Gingrich is right about the weaponization and the supplanting of law by power. However, the optimal way to investigate that larger matter is to separately investigate Clinton and Obama, and then tie those three investigations together into the outcome that is that weaponization and power grab.

This will be a frustratingly slow process, but it’s the best way to get to the final truth and get the relevant folks tossed from political life for their misbehaviors and the remaining jailed for their crimes.

The Political Center

Senator Joe Manchin (D, WV) and his daughter are looking to form a project that would promote centrist policies and candidates in future endeavors and elections.
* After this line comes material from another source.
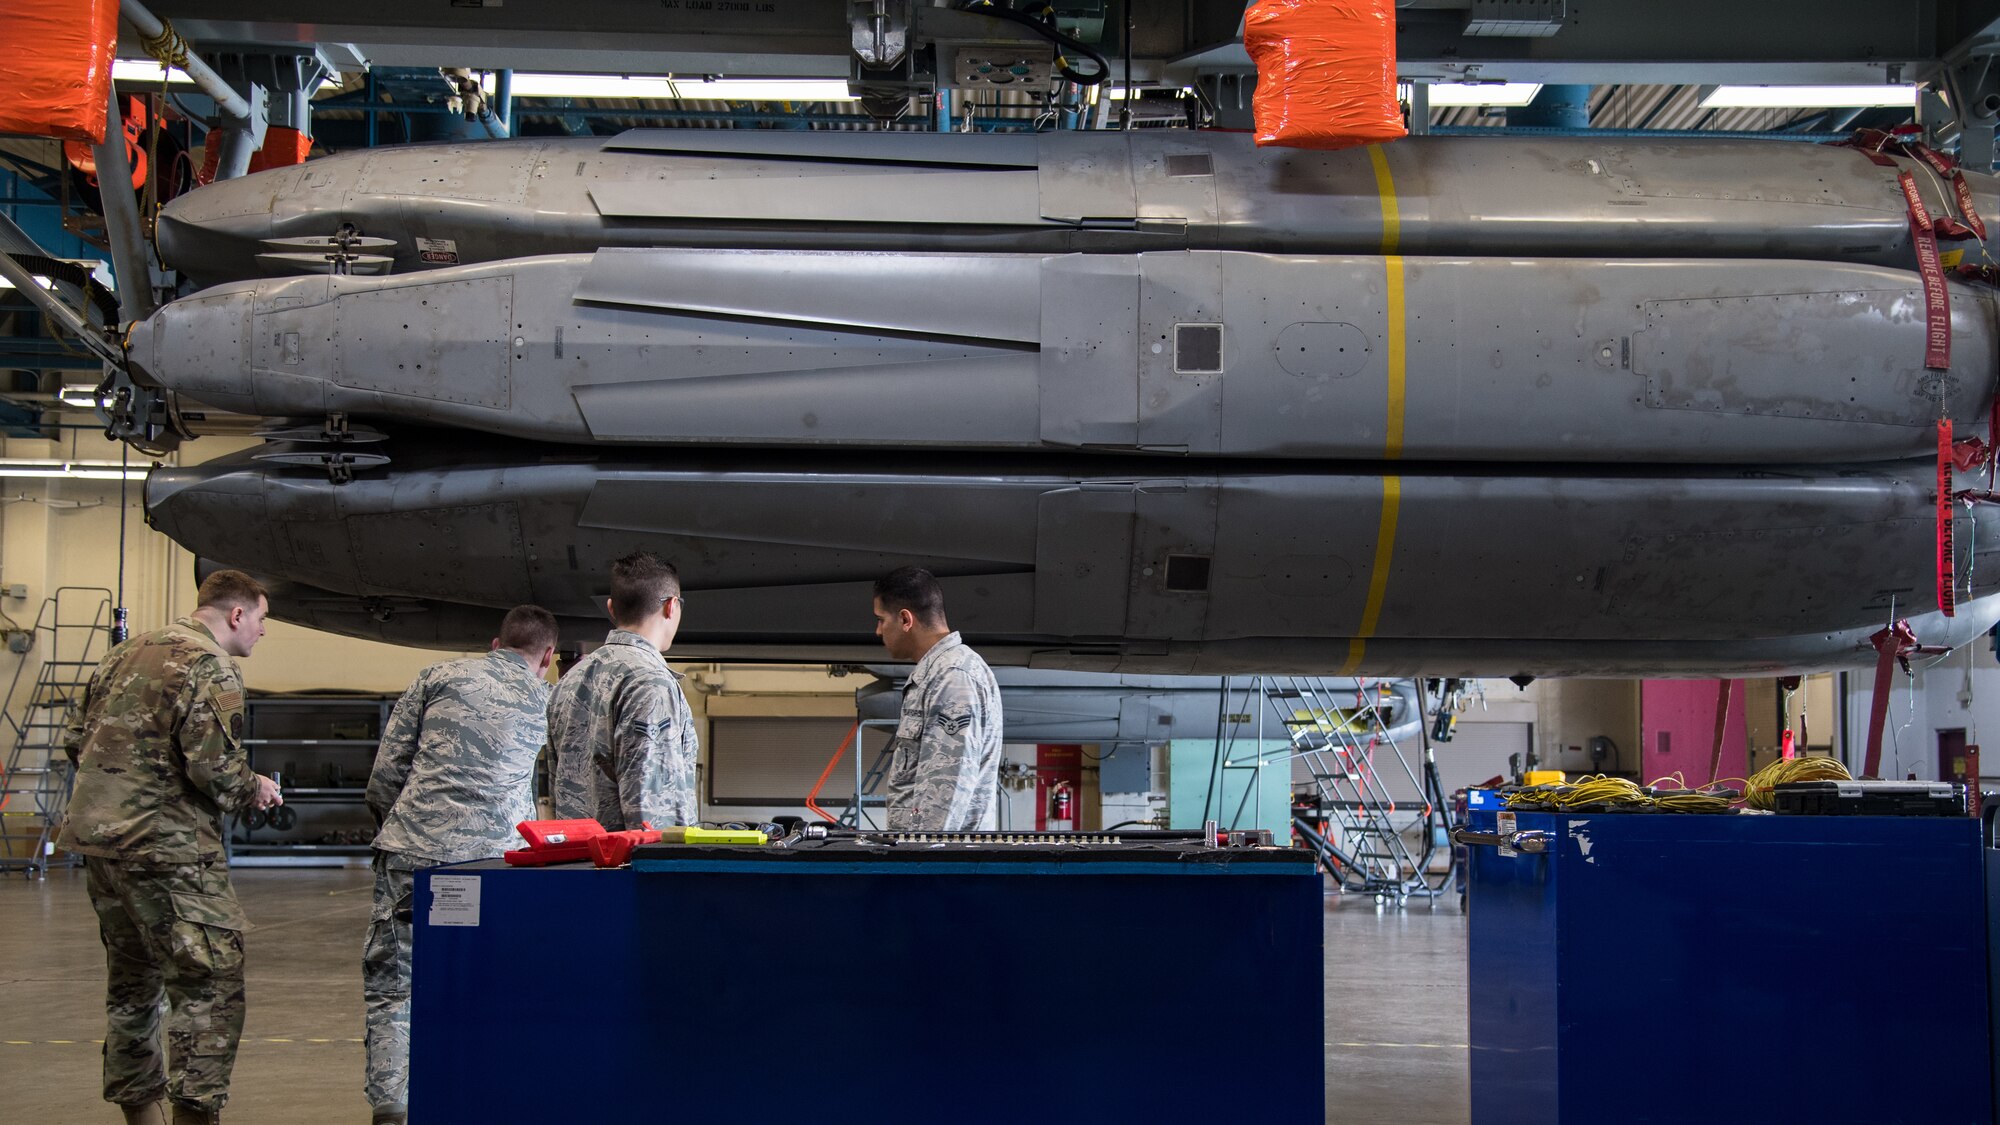 Airmen from the 2nd Munitions Squadron prepare to download the final Conventional Air-Launched Cruise Missile (CALCM) at Barksdale Air Force Base, La., Nov. 20, 2019. The 2nd MUNS loaded the final CALCM missile package into a launcher in order to disassemble the weapon to become demilitarized. (U.S. Air Force photo by Airman 1st Class Jacob B. Wrightsman)

Their project is Americans Together, and it’s intended to be a politically active nonprofit entity.

In a memo that was shared with potential donors and viewed by The Wall Street Journal, the project proposes a coalition that would “mobilize the middle” and support a shift toward the political center.
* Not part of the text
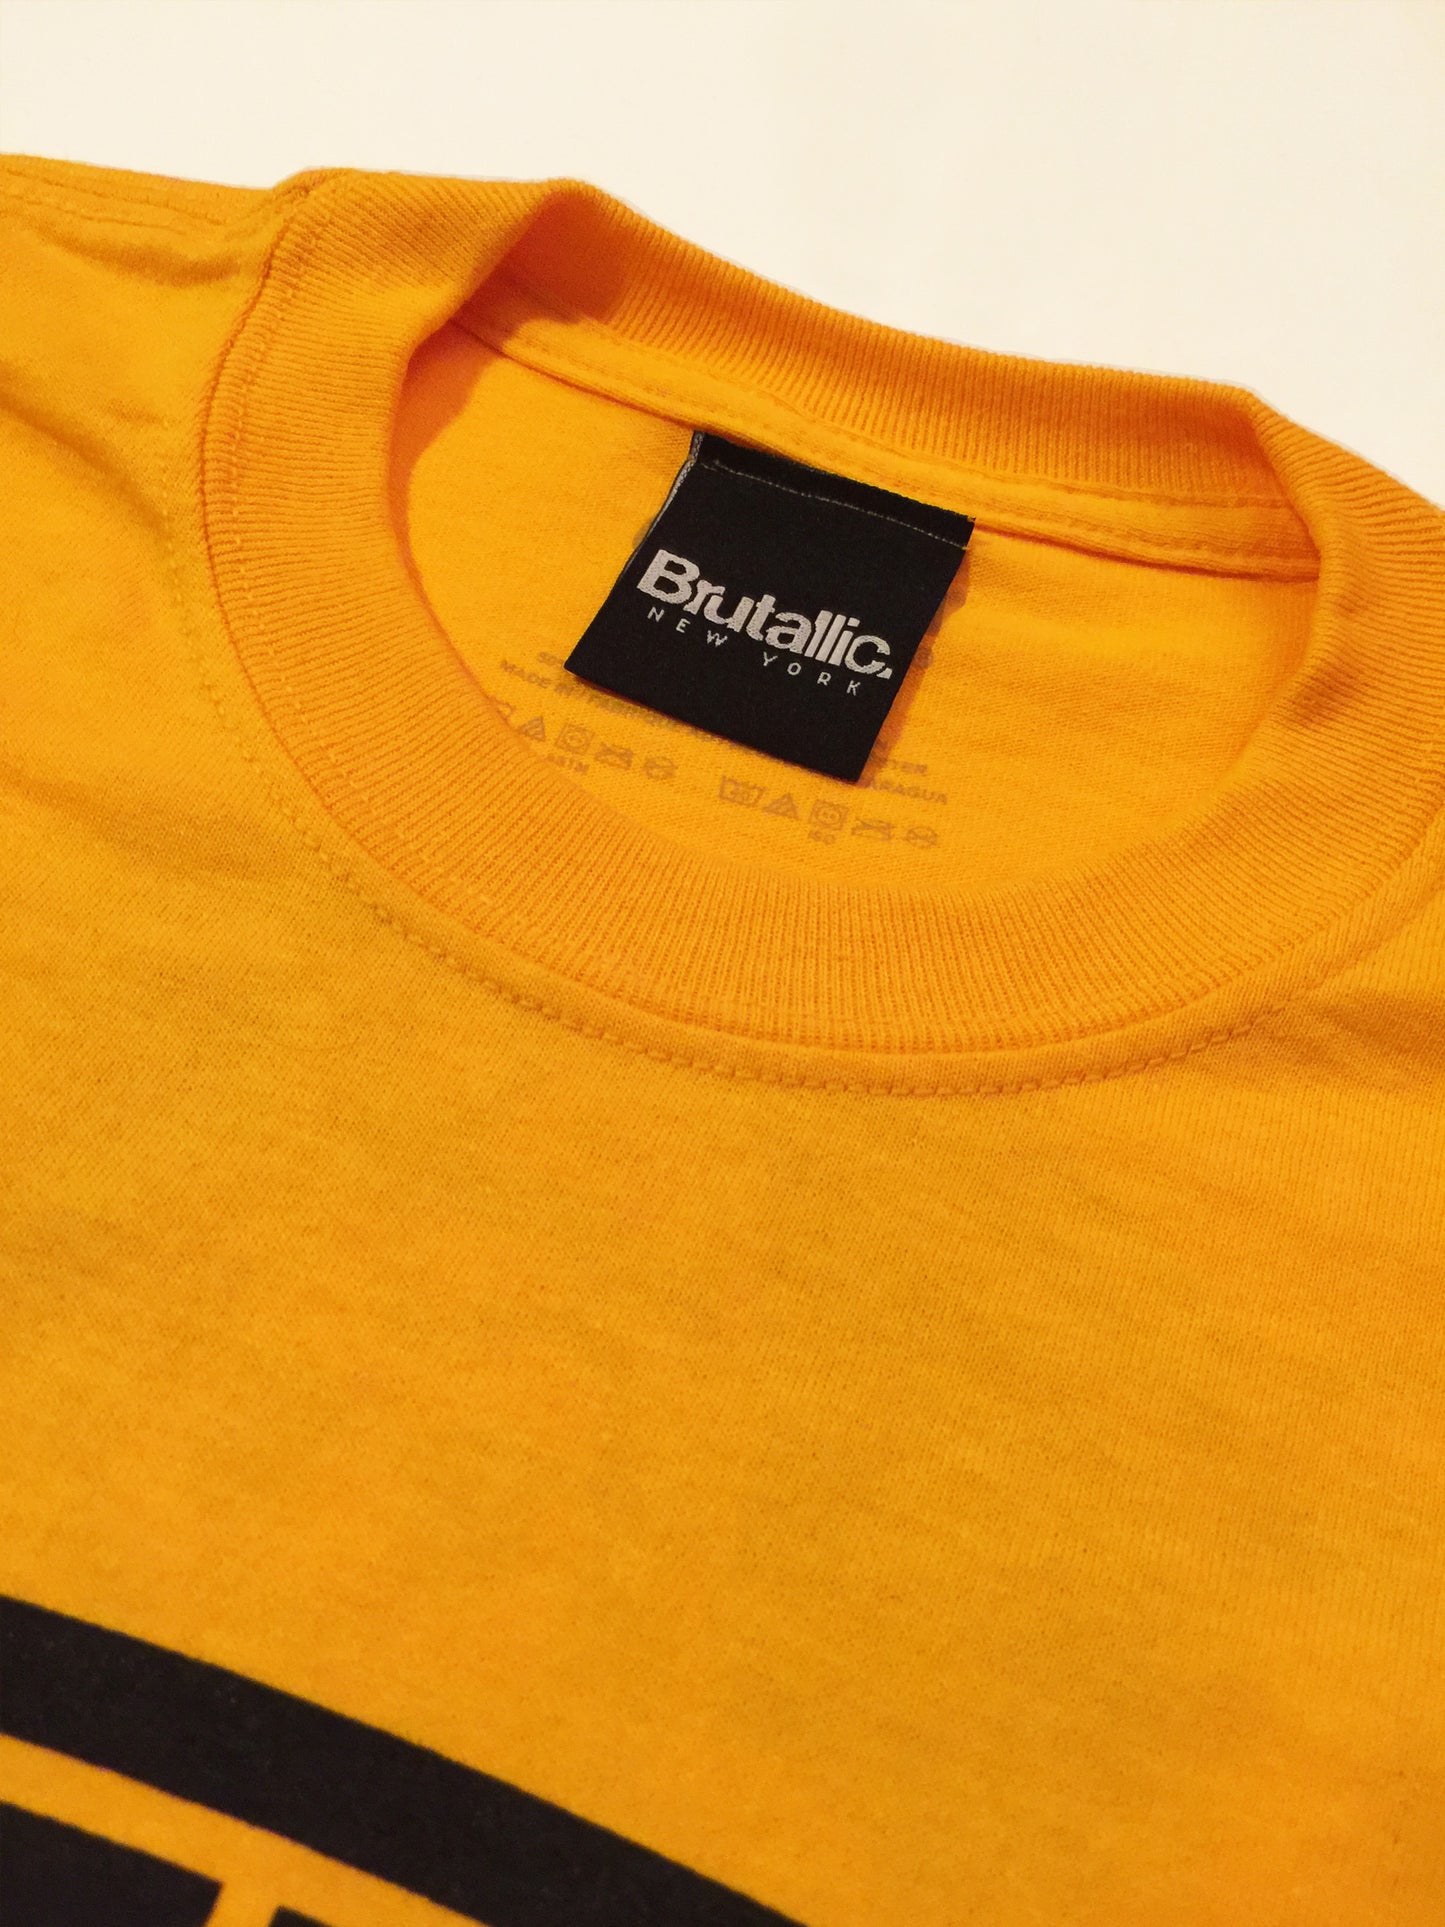 Brutallic Streetwear bubble tee tshirt with oval front logo, and buddha on the back, mustard yellow color, close up of neck collar label

The Manchins’ move, though, misses an important underlying assumption: what is the middle, the political center?

The Progressive-Democratic Party, with its extremist ideology—

  • no effective southern border
  • voting “rights” and welfare support for illegal aliens
  • sanctuary for illegal aliens
  • identity politics
  • ideology indoctrination of our children from kindergarten through graduate school
  • ever expansive and intrusive government

—has been dragging what used to be our nation’s center steadily Leftward at least since 2008.

Drug Price…Foolishness

President Joe Biden (D) and his associates over in Medicare have identified the drugs of which he’s willing to pretend to negotiate the price. The particular drugs aren’t important; what matters is the precedent being set regarding the Progressive-Democrat-run administration’s view of what constitutes negotiation in Party’s lexicon. Readers interested in which drugs are targeted for now can find the list at the end of the linked-to article.
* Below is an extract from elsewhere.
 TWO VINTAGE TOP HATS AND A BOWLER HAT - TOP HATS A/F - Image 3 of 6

What’s important here is this.

The naming of the 10 drugs subject to price negotiations kicks off a lengthy process. Drugmakers have until October 1 to say whether they will join in the negotiations.
If they don’t negotiate or accept the price resulting from it, companies face a tax of up to 95% on a medicine’s US sales, or they can pull all of their drugs from Medicare and Medicaid coverage.

And this:

Drug makers that don’t participate or reject the government’s price will incur a crippling daily excise tax that starts at 186% and eventually climbs to 1,900% of the drug’s daily revenues. This is extortion, not a negotiation.

That’s not negotiation, that’s “Take our price, or pay even more through our usurious, if not confiscatory, taxes.” The outcome will be a stifling of medical (not just for medicinal) innovation in the US. Instead, innovation, such as might remain, will be pushed overseas, in large part to nations that don’t themselves innovate very much, having come to rely on American developments which they then heavily subsidize for their own citizens.

Some of those drugs, too, will be pulled from Medicare/Medicaid coverage, along with all of the other drugs a company makes available through those programs, which will price them out of reach of those most in need—those with the ailments being treated by those medicines and who lack the money to pay the full price.

That is, until Party takes the next obvious step and taxes those medicines’ sales revenues earned outside of Medicare/Medicaid, to be followed by Party’s diktat that those medicines must be offered through Medicare/Medicaid.

Which will result in those medicines no longer being manufactured in the US at all and no longer being sold at all in the US, regardless of their manufacture.